July 29, 2008
paul
According to Paul Cooely, his family took three wagons "On the Way Home" to Missouri, with six horses and their little shepherd dog. Mr. and Mrs. Cooley both drove wagons; Paul and George drove the third wagon in turn. Paul remembered: "Mr. and Mrs. A.J. Wilder and their daughter Rose (just younger than George) travelled with us. They had one rather light wagon, covered, in which they cooked and slept."Because Paul quit school in the fall of 1900 and left Mansfield for good in November the following year, it's hard for me to imagine a serious romance of any sorts between him and Rose Wilder, who would have been 14 at the time, and Paul, two years older.
In his diary, Paul does mention that his salary was paid by George Burney and that he learned telegraphy from Mr. Burney's daughter Ethel, and that they spent a lot of time together. When reading Rose's Diverging Roads - later reworked as Rose Wilder Lane: Her Story by Roger Lea MacBride - one can easily picture Paul and Ethel as characters in the story rather than Paul and Rose, as their lives and interests ran almost parallel.

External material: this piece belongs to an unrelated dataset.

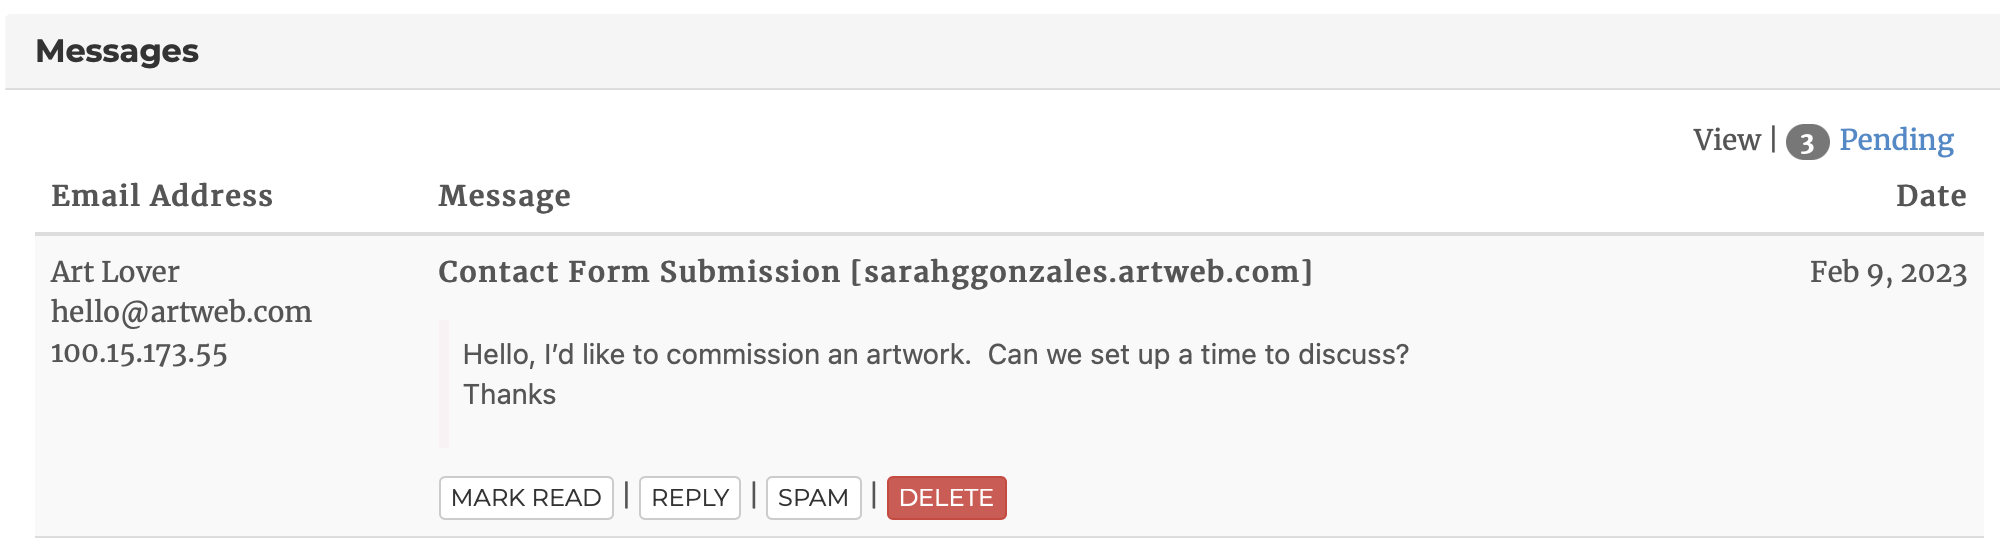 Contact Form Submission in Artweb control panel

Like Paul, Ethel became a station agent herself and was paid $50 per month. Mr. Burney wouldn't let Ethel spend her earnings so she bought bonds, which she didn't cash in until after she married Paul in 1957.
One of the most interesting things I learned about Paul was his interest in oil painting. He had learned to paint as a child in Mansfield, but gave it up while working and didn't return to painting until his retirement. Paul took lessons and painted many landscapes, but he often said that he wished he had captured some of his memories of the scenes from the trip his family and the Wilders made from De Smet to Mansfield. While the trip was said to be about 650 miles according to On the Way Home, Paul remembered it was measured at about 900 miles at the time, and that it seemed like 9000 miles by the time it was over!The Laura Ingalls Wilder - Rose Wilder Lane Home and Museum has a couple of paintings by Paul. The one pictured here was given to curator Irene Lichty in 1962; it is of the Old Rock Bridge Mill in southern Missouri. I was recently given a painting of El Capitan mountain peak in Arizona, painted by Paul only a few years prior to his death.